Uma semana depois do escândalo ter rebentado, o fundador do Facebook dirige-se aos norte-americanos e ingleses e volta a pedir-lhes desculpa num anúncio de página inteira publicado este domingo em vários jornais americanos e ingleses

A situação não é para menos e Mark Zuckerberg sabe-o. Depois de, na última quarta-feira ter pedido desculpas, numa longa declaração na sua página do Facebook, agora o fundador da rede social volta a pedir perdão pelo uso indevido de dados de pelo menos 50 milhões de utilizadores pela consultora Cambridge Analytica. E fá-lo através de um anúncio, de página inteira, publicado em vários jornais do Reino Unido.

"Temos a responsabilidade de proteger a sua informação. Se não podemos fazê-lo, não a merecemos”, admite Zuckerberg. Nesta carta, o empreendedor de 33 anos, assume que faltou à confiança dos utilizadores do Facebook ao permitir que uma app (aplicação), desenvolvida por Aleksandr Kogan, professor da Universidade de Cambridge (Reino Unido), tivesse acesso a dados de usuários para serem utilizados, sem o seu consentimento, pela consultora Cambridge Analytica para influenciarem as intenções de voto nas eleições presidenciais norte-americanas, em 2016, a favor de Donald Trump. Especula-se ainda sobre a utilização dos mesmos métodos aquando da campanha para o referendo que ditou o 'Brexit', no Reino Unido. Zuckerberg lamenta agora ter "feito mais sobre isso". E garante: “Estamos a tomar as medidas necessárias para que isso não aconteça novamente”, refere.

Este anúncio foi publicado em jornais norte-americanos, como o "New York Times" (que deu a história em primeira mão), "The Washington Post" e "Wall Street Journal". E, no Reino Unido, foi publicado no "The Observer", o primeiro meio britânico a contar a história.

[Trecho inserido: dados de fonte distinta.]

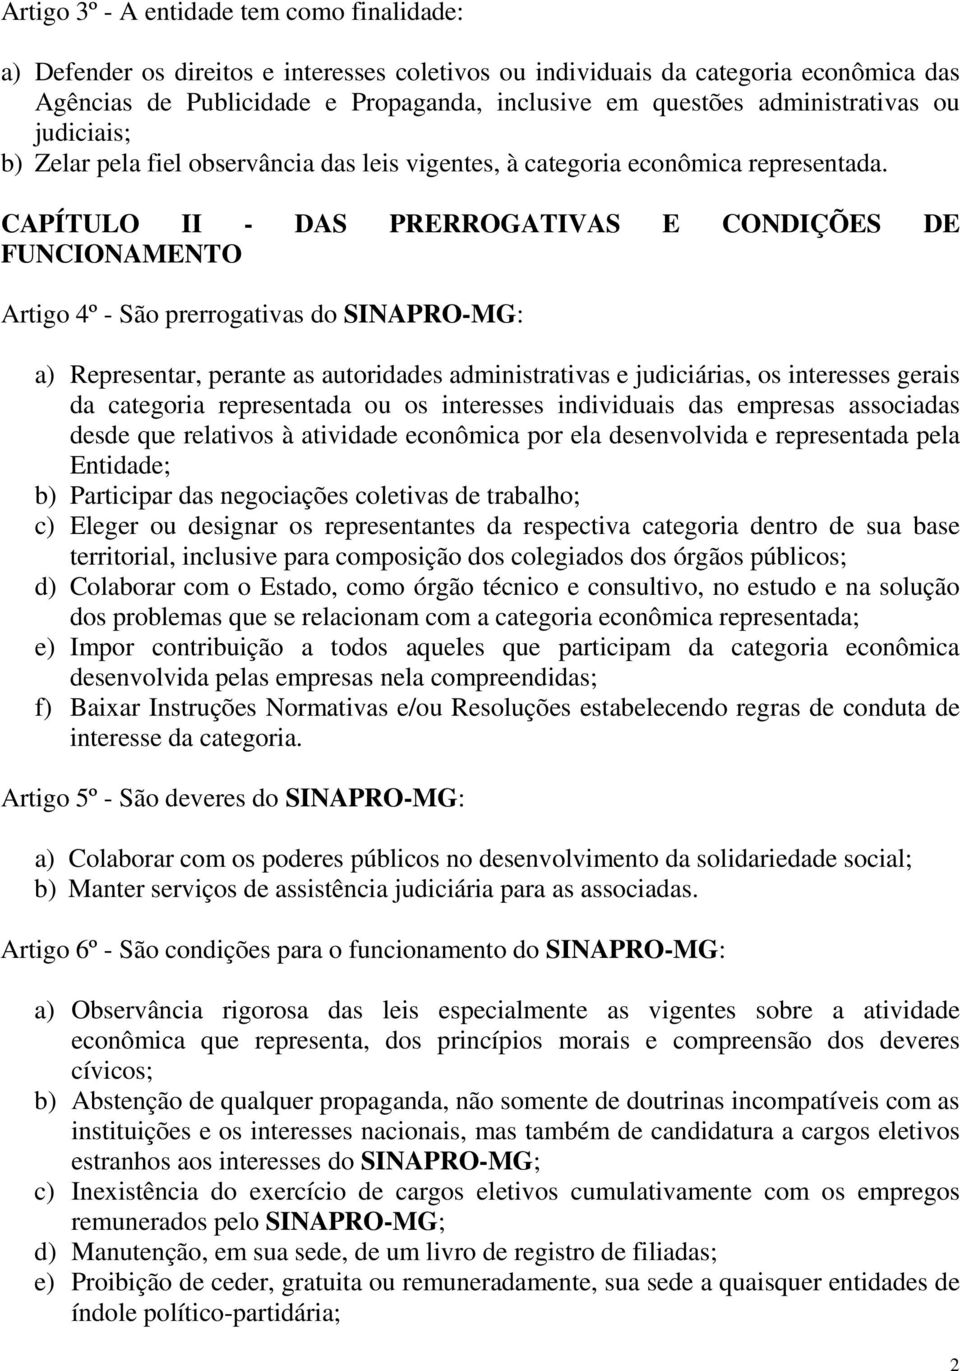 CAPÍTULO II - DAS PRERROGATIVAS E CONDIÇÕES DE FUNCIONAMENTO Artigo 4º - São prerrogativas do SINAPRO-MG: a) Representar, perante as autoridades administrativas e judiciárias, os interesses gerais da
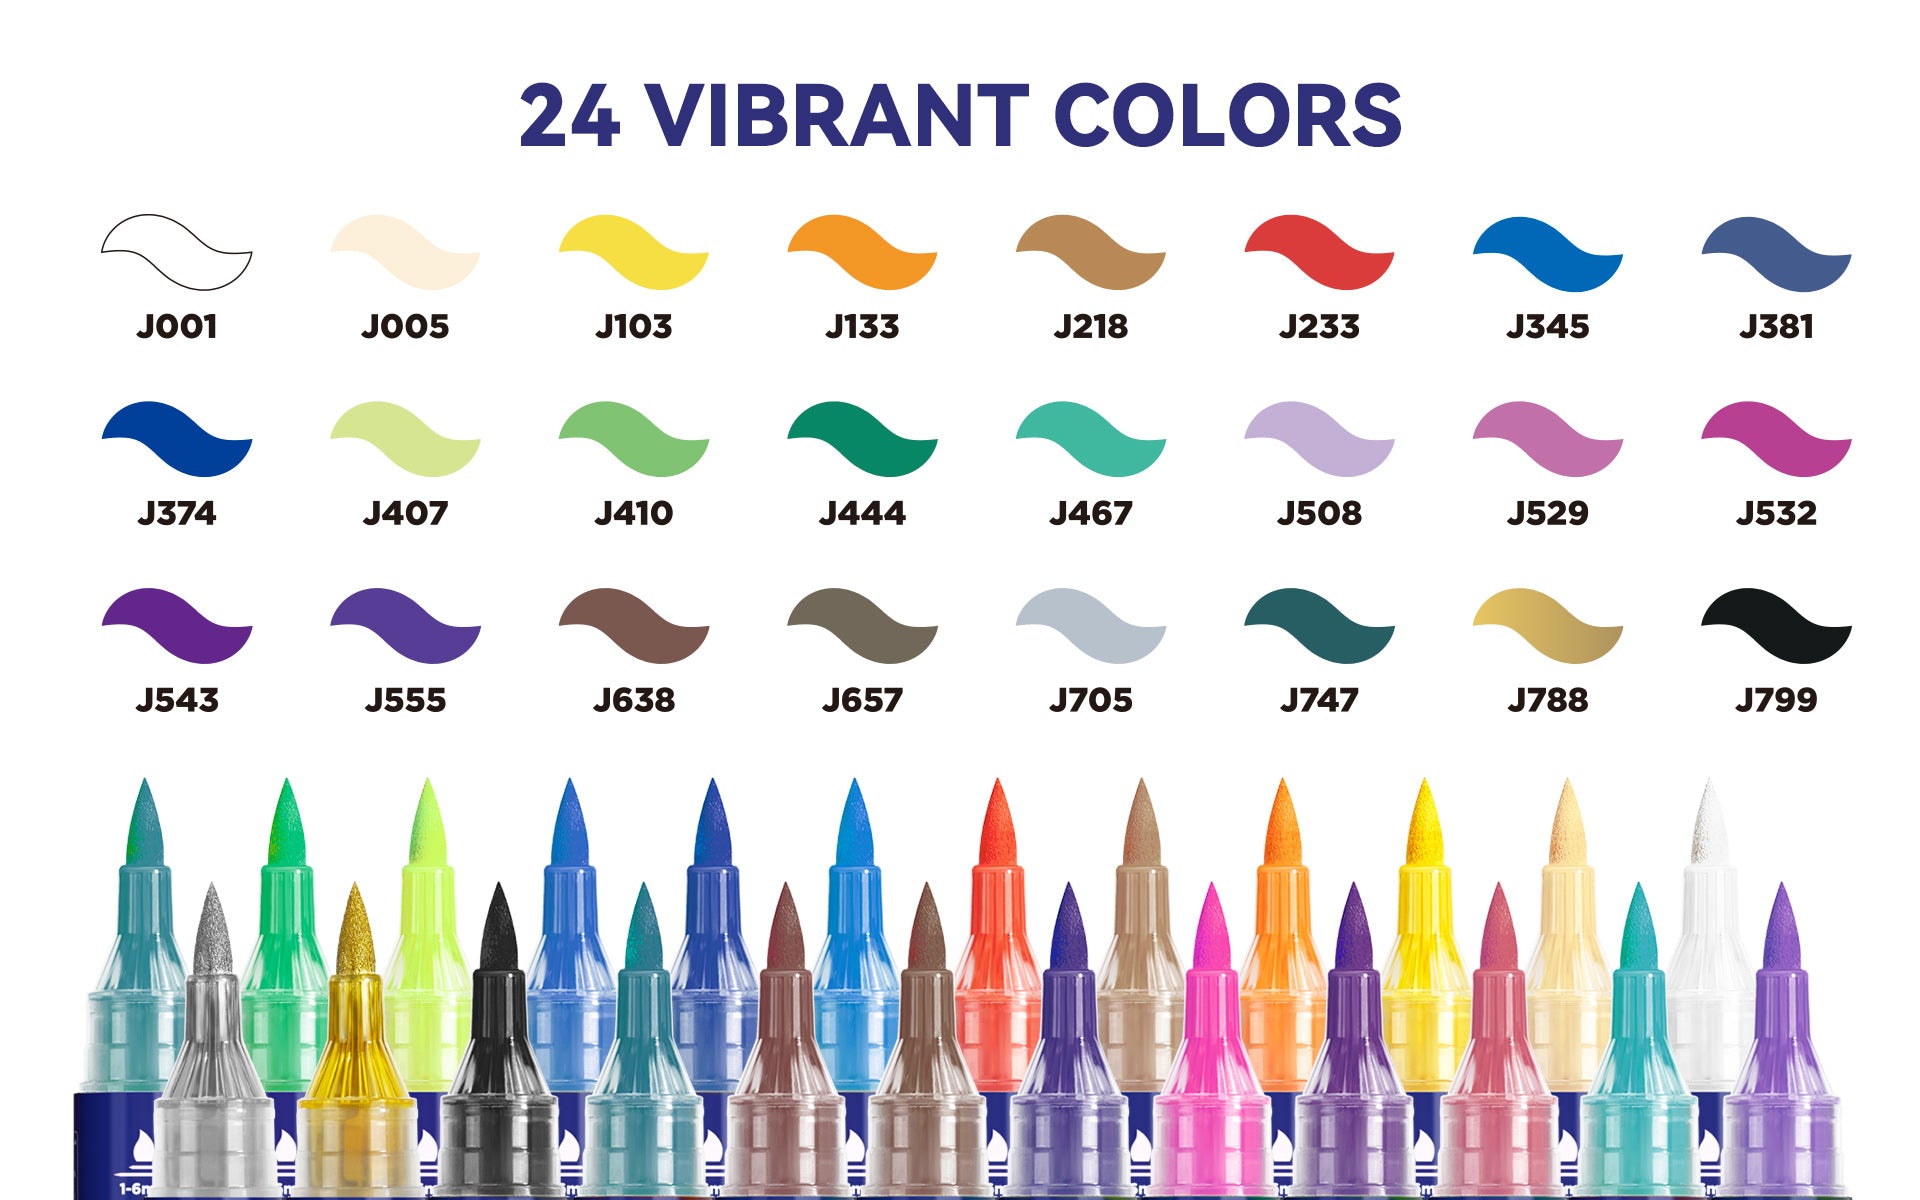 Arrtx 24 Colors Simptap Acrylic Marker Top Valve Action Markers Brush –  ArrtxArt

A publicação desta missiva acontece um dia depois de as autoridades inglesas terem feito buscas, durante sete horas, às instalações da Cambridge Analytica em Londres à procura de provas.

A meio da semana, Zuckerberg já tinha admitido culpas e admitido mesmo que estava disponível para depor perante o Congresso norte-americano. Contudo, nem reguladores, nem consumidores nem os mercados consideraram esta resposta suficiente. E o desempenho do Facebook, a sétima cotada mais valiosa do mundo, foi severamente castigado ao longo da semana, desvalorizando perto de 75 mil milhões de dólares (cerca de 61 mil milhões de euros). Comissão Europeia e Parlamento britânico continuam a querer ouvir o multimilionário.